In this example, we see an orchestrator agent spawning a scout (”Lewis & Clark”), which in turn spawns a file explorer (”Dora the File Explorer”). The orchestrator continues on to spawn a planner (”Peter Plan”).
We built this framework to solve our own problem.
After a year developing a coding agent, our codebase had grown unwieldy with many scattered LLM calls and tools that were defined in pieces, with if statements sprinkled throughout the core agent loop implementing special cases.

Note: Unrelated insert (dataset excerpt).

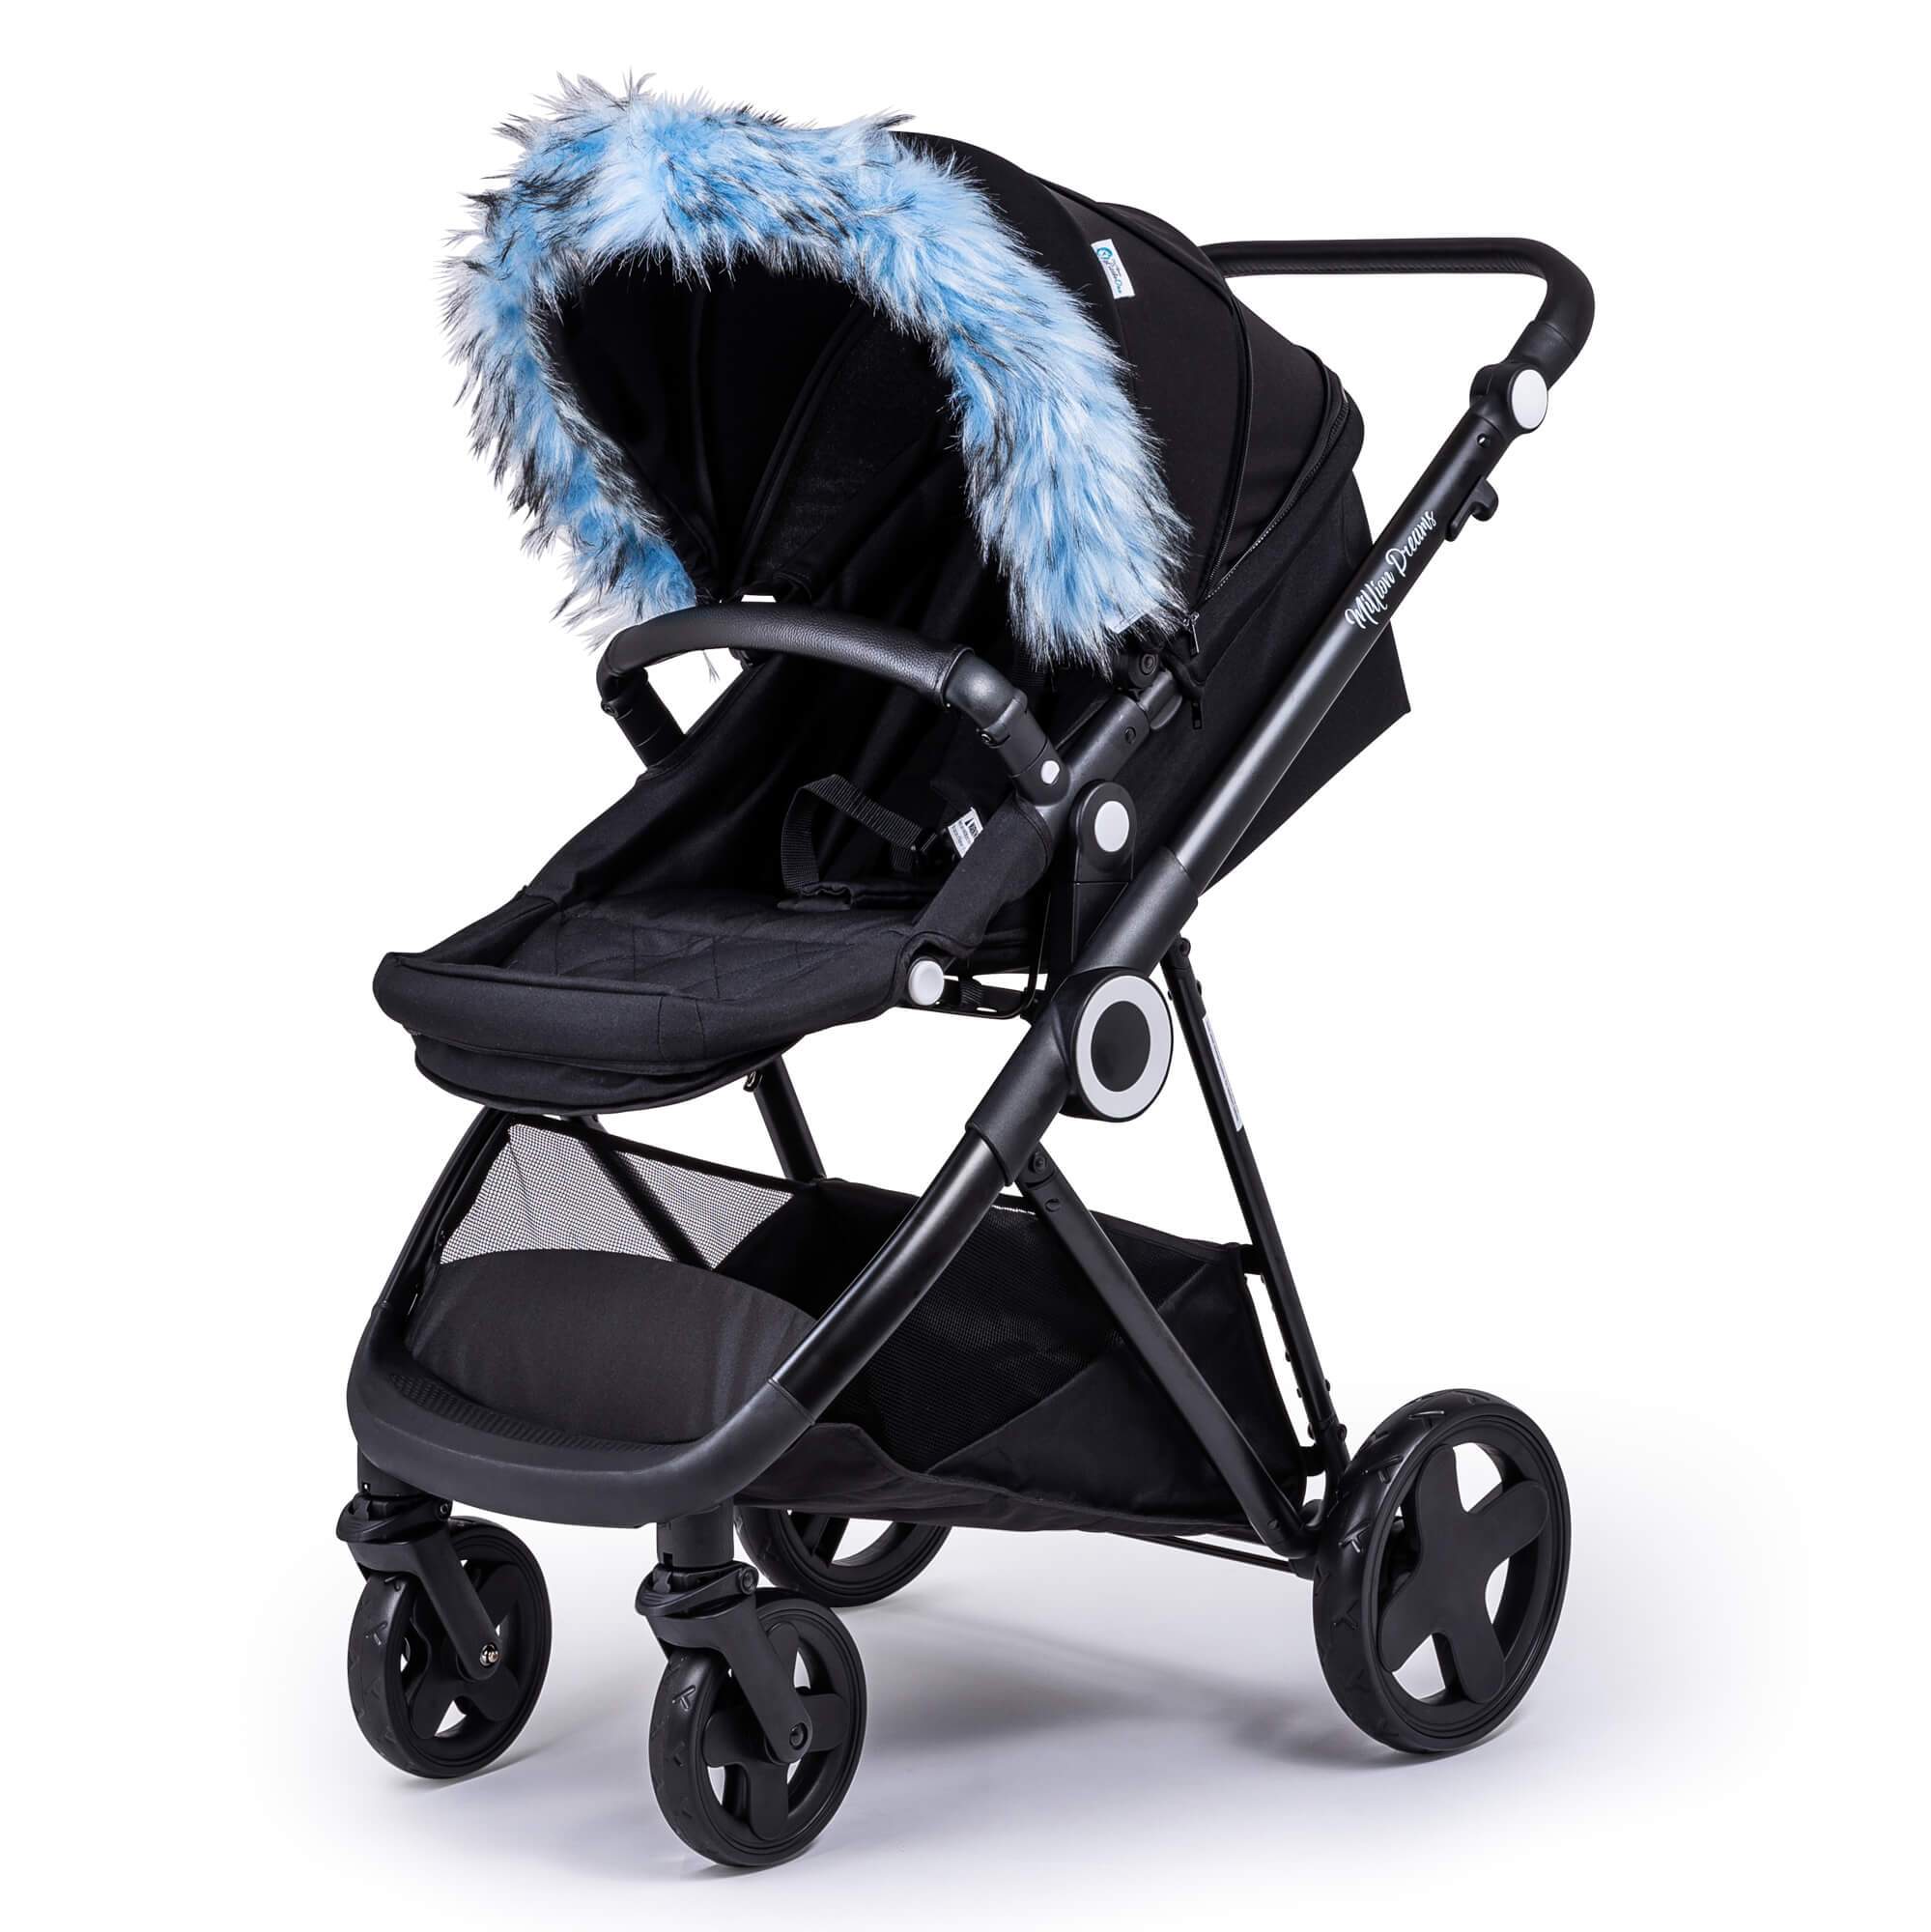 Pram Fur Hood Trim Attachment for Pushchair Compatible with Brevi - Light Blue / Fits All Models | For Your Little One

We refactored our sprawling spaghetti code and iterated on a framework that could replicate all the capabilities of Codebuff. We ended up with something shockingly simple and powerful (never has a refactor gone so well!). Codebuff has been condensed into half-a-dozen agents, each defined by a simple Typescript file.
Delete your spaghetti code. Use our agent framework!
We are launching the open source Codebuff Agent SDK, so you too can delete your spaghetti code and make agents that compete with the best!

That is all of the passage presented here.